No, democracy is not identical with the subordination of the minority to the majority. Democracy is a state which recognizes the subordination of the minority to the majority, i.e., an organization for the systematic use of force by one class against another, by one section of the population against another.

We set ourselves the ultimate aim of abolishing the state, i.e., all organized and systematic violence, all use of violence against people in general. We do not expect the advent of a system of society in which the principle of subordination of the minority to the majority will not be observed. In striving for socialism, however, we are convinced that it will develop into communism and, therefore, that the need for violence against people in general, for the subordination of one man to another, and of one section of the population to another, will vanish altogether since people will become accustomed to observing the elementary conditions of social life without violence and without subordination.

This might get at your question somewhat but I'd strongly suggest reading the whole of State and Revolution if you haven't already.

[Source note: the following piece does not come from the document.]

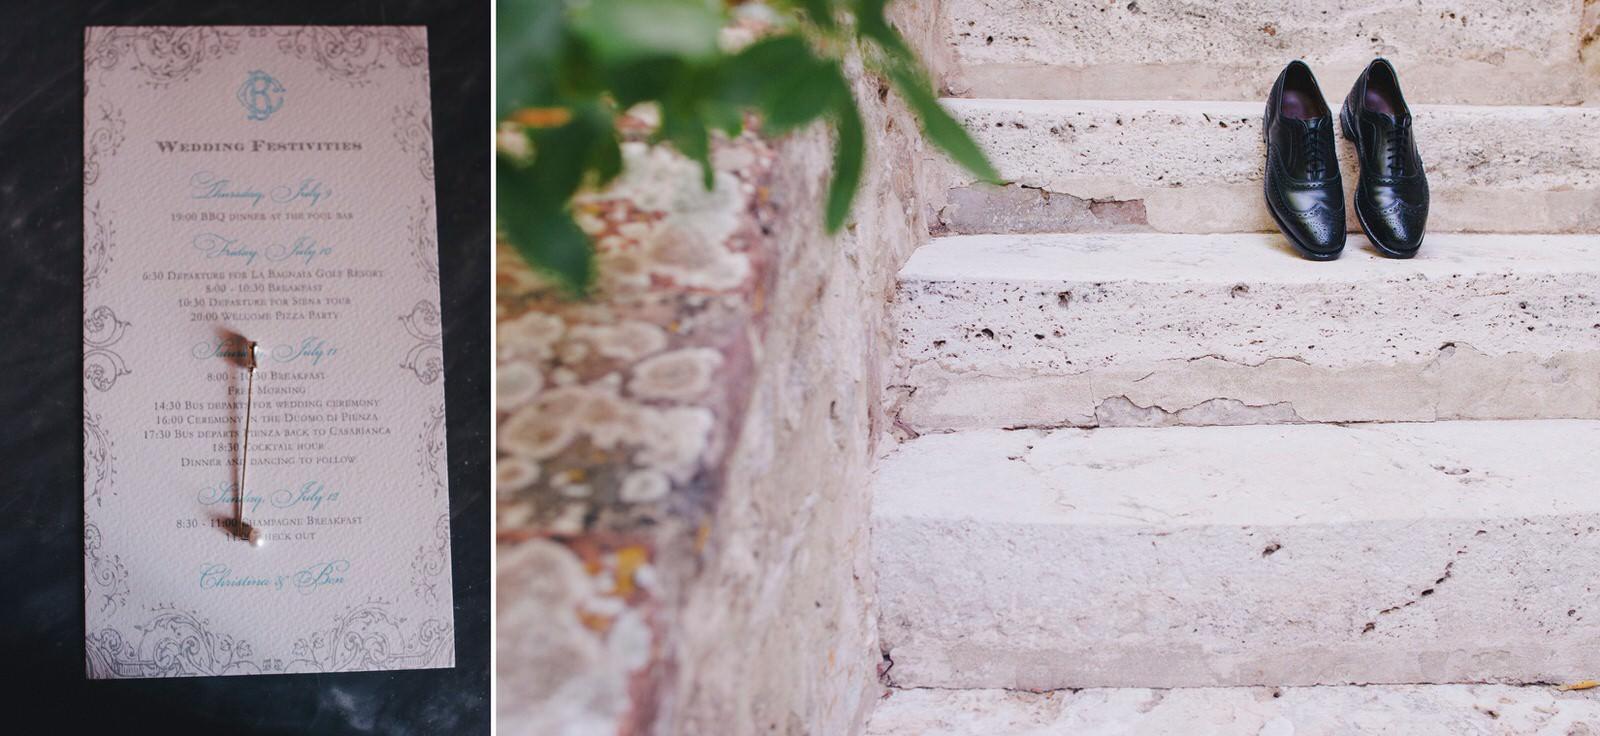 tuscany wedding groom's shoes and invitation

Essentially, liberal democracy is a sham because of capitalism. Even if there's some aspects of a democracy like elections or a parliament the capitalist class still rules and democracy will be subordinated or ignored if the capitalists deem it necessary. Marxists recognize that democracy is an important tool in teaching the proletariat how to govern itself and that capitalism must be overthrown therefore it is an important stage of historical development. As communists we also recognize that the democratic state must one day wither away and therefore democracy will wither away. In that way we are not mere democrats with some idealistic belief in majoritarian rule or the perfect democracy or whatever the way liberals are. If democracy becomes impractical or unnecessary in the pursuit of communism than it can be done away with.